WARNING: Stack unwind information not available. Following frames may be wrong.

01eafcf4 7c80aa7f ntdll!KiFastSystemCallRet

*** ERROR: Symbol file could not be found. Defaulted to export symbols for C:\WINDOWS\system32\ole32.dll -

01eafd08 77513442 kernel32!FreeLibrary+0x19

01eafd14 77513456 ole32!CoFreeUnusedLibraries+0xa9

01eafeb8 77513578 ole32!CoFreeUnusedLibraries+0xbd

01eafec8 775133a2 ole32!CoFreeUnusedLibrariesEx+0x2e

01eafeec 007ab40f ole32!CoFreeUnusedLibraries+0x9

01eaffb4 7c80b50b xxxxx!xxx::_xxxxxxxx+0x3af

It’s being unloaded when IE’s code calls CoFreeUnusedLibrariesEx() when the window is closed. This is code I'm not super-familiar with, but I presume we’re doing it to trigger the unloading of DLLs for BHOs, toolbars ActiveX controls, and so on, to free up memory. However, we still have properly reference counted pointers to the toolbar so it shouldn’t be unloading quite yet.

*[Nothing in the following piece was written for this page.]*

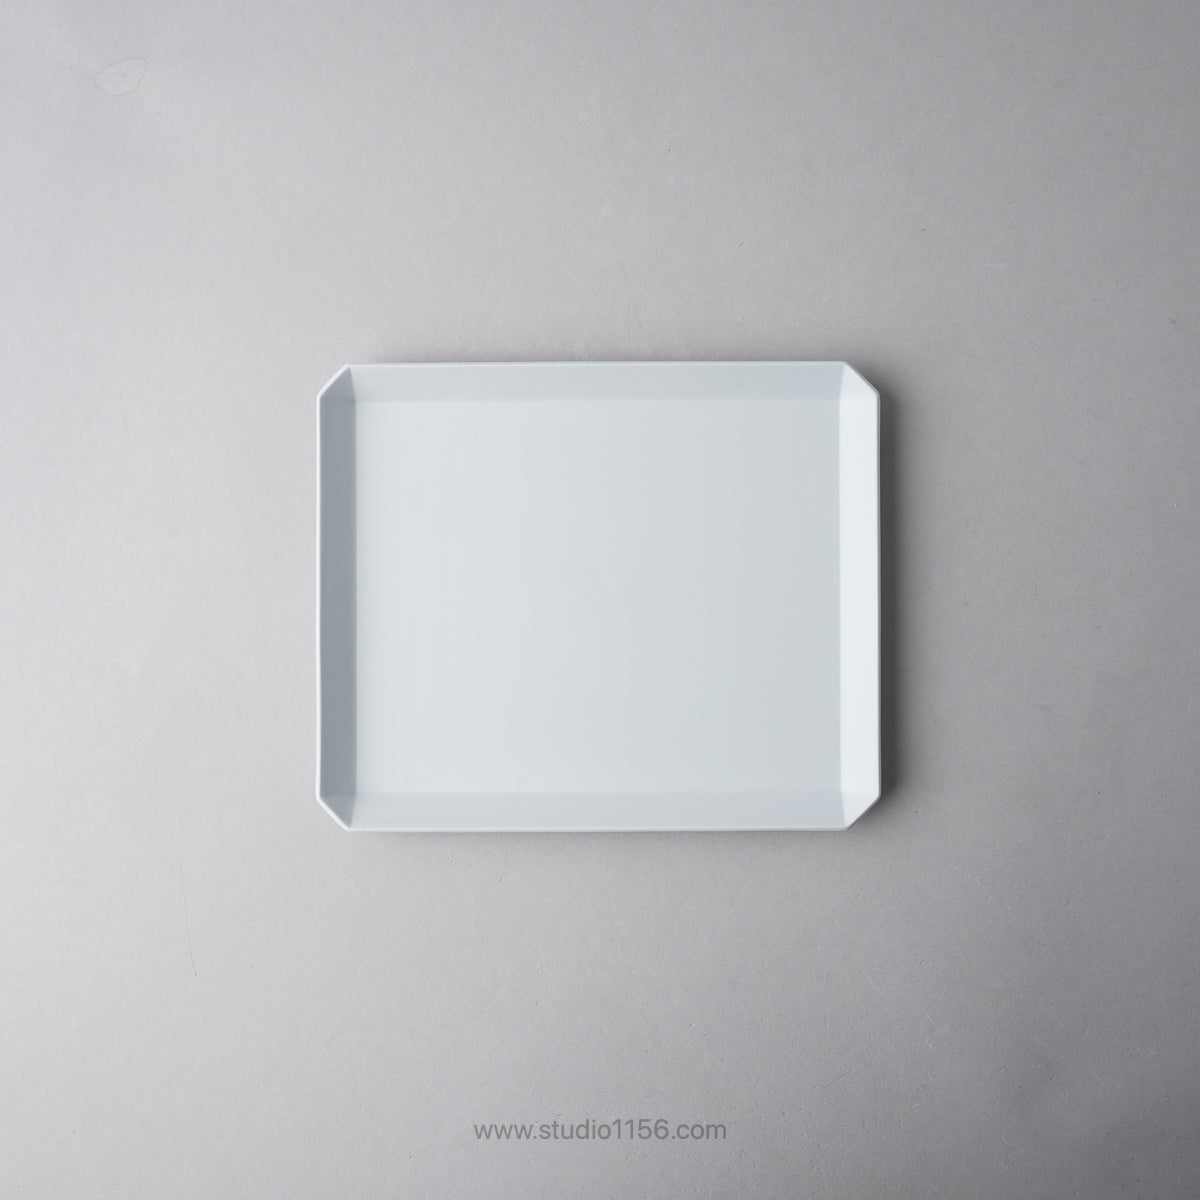 有田焼 スクエアプレート プレーン グレー / TY Square Plate Plain Gray 200 1616 / Arita Japan Studio1156

According to MSDN CoFreeUnusedLibrariesEx() calls DllCanUnloadNow(), which is supposed to return S_FALSE if the DLL is not yet ready to be unloaded. Let’s set a breakpoint, step through the function, and see what it’s returning in this scenario:

0:005> bp toolbar!DllCanUnloadNow

0:005> g

  [...]

Breakpoint 0 hit

eax=00000000 ebx=00000001 ecx=77606074 edx=00000000 esi=014a6dd0 edi=77606068

eip=10008fd0 esp=01eafd20 ebp=01eafd30 iopl=0 nv up ei pl zr na po nc

cs=001b ss=0023 ds=0023 es=0023 fs=003b gs=0000 efl=00000246

toolbar!DllCanUnloadNow:

10008fd0 8b0d3c1c0410 mov ecx,[toolbar!DllMain+0x37e1c (10041c3c)] ds:0023:10041c3c=00000000

0:005> p

[...]

0:005> p

eax=00000000 ebx=00000001 ecx=00000000 edx=00000000 esi=014a6dd0 edi=77606068

eip=10008fdd esp=01eafd20 ebp=01eafd30 iopl=0 nv up ei pl zr na po nc

cs=001b ss=0023 ds=0023 es=0023 fs=003b gs=0000 efl=00000246

toolbar!DllCanUnloadNow+0xd:

10008fdd c3 ret

As you can see by looking at ‘eax’ this function is returning 0, which is S_OK. I believe this is the cause of the bug.

After reviewing recent changes that I had made in IE7 I found that one of them caused us to hold onto the toolbar object longer than we used to. In previous versions of IE we happened to always do the final Release() before calling CoFreeUnusedLibrariesEx(), masking the bug in the toolbar. The fix in this case, for better or worse, was to update the code so that we release earlier like we used to.

Thoughts? Are these types of walkthroughs interesting or useful? If so I’ll do more of them.